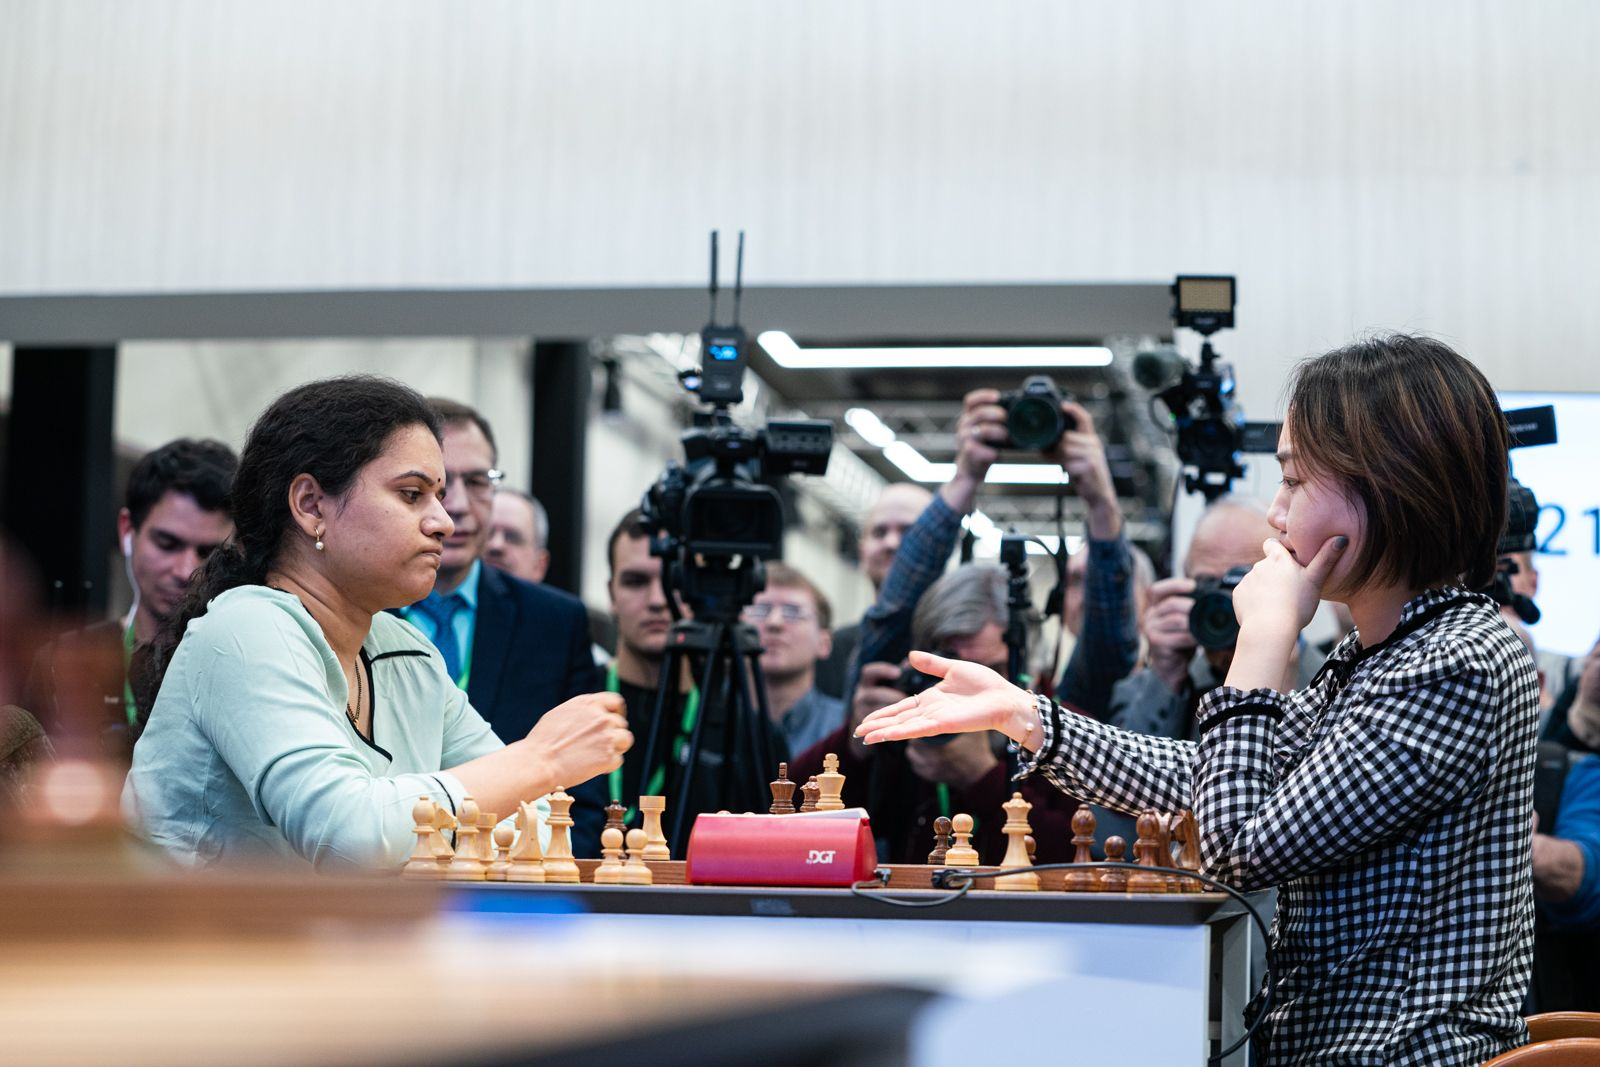 Humpy Koneru Lei Tingjie 2021 World Rapid Chess Championship
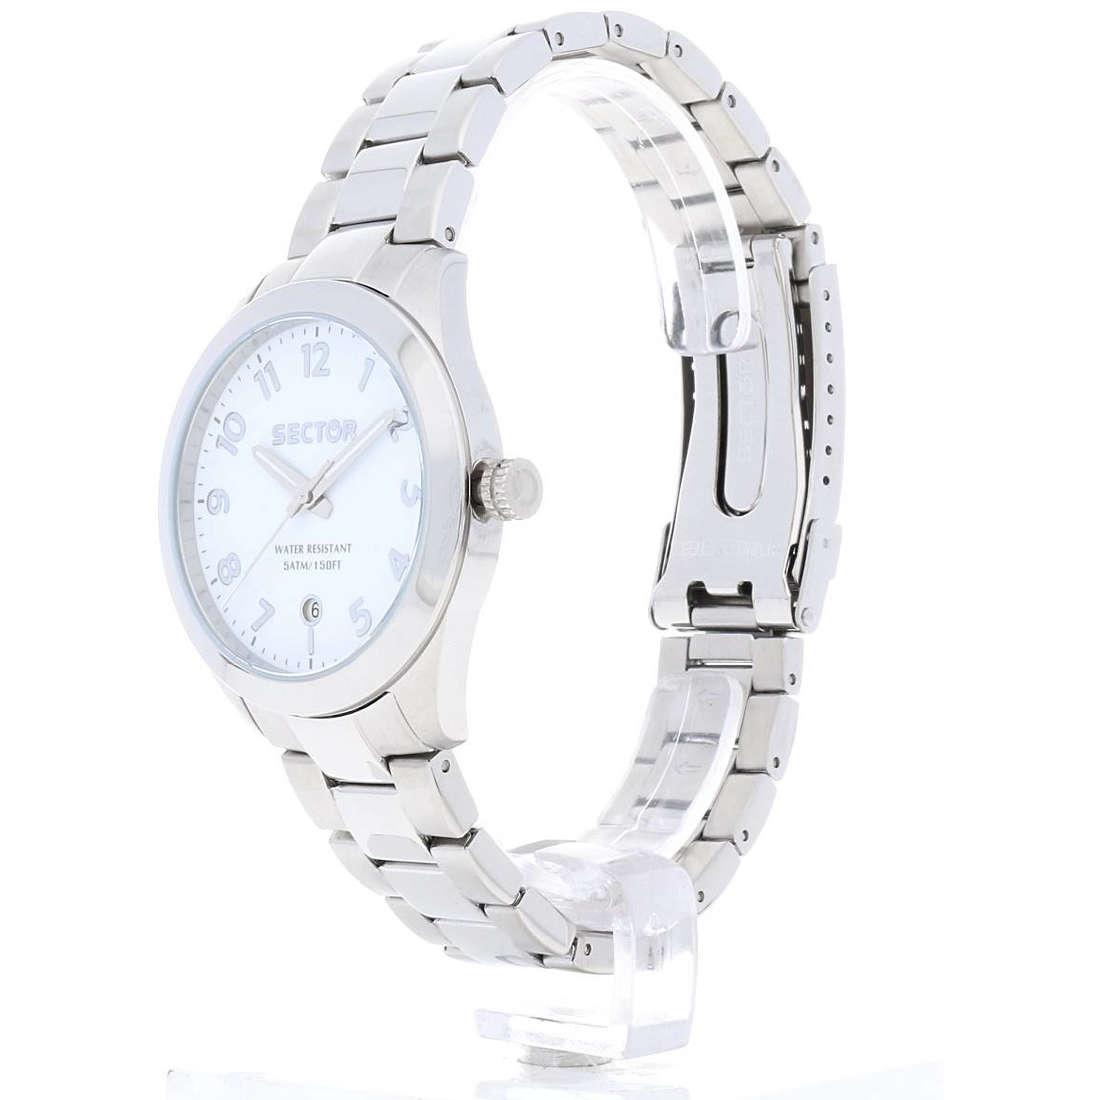 vente montres femme Sector R3253588509
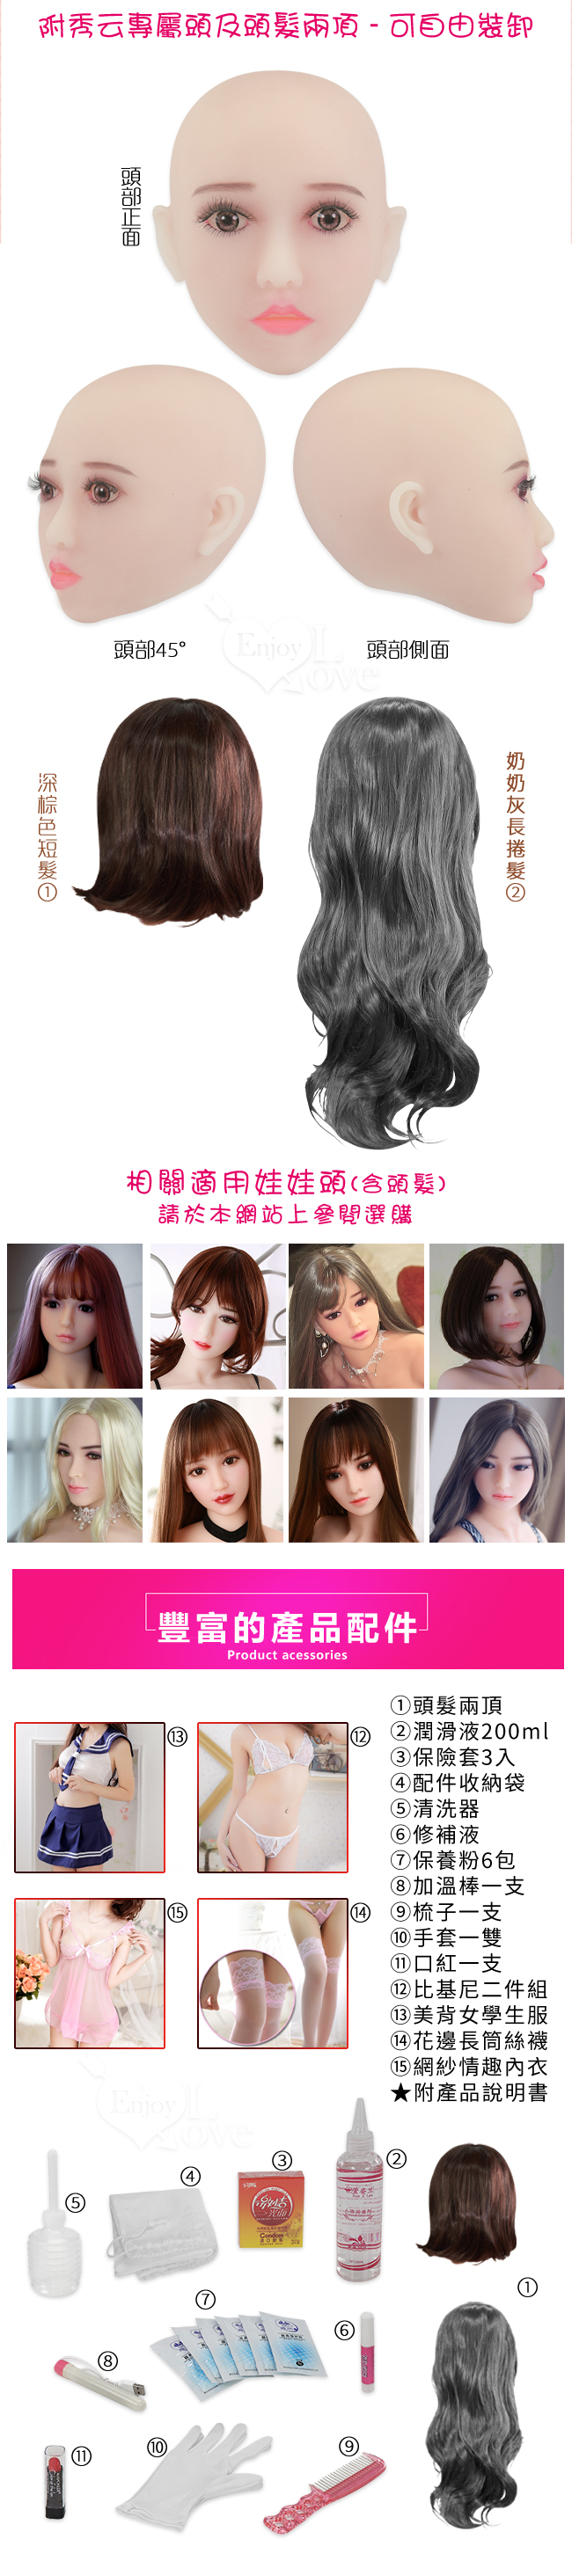 《 Xiuyun 秀云 - 清純美少女 》已長高 / 可站立 實體娃娃﹝148cm / 27kg﹞

• **What you will do**
Pictures are to be left out; all other data must be returned exactly.

• **Solution below**
 Humpy Koneru Lei Tingjie 2021 World Rapid Chess Championship
 vente montres femme Sector R3253588509
 《 Xiuyun 秀云 - 清純美少女 》已長高 / 可站立 實體娃娃﹝148cm / 27kg﹞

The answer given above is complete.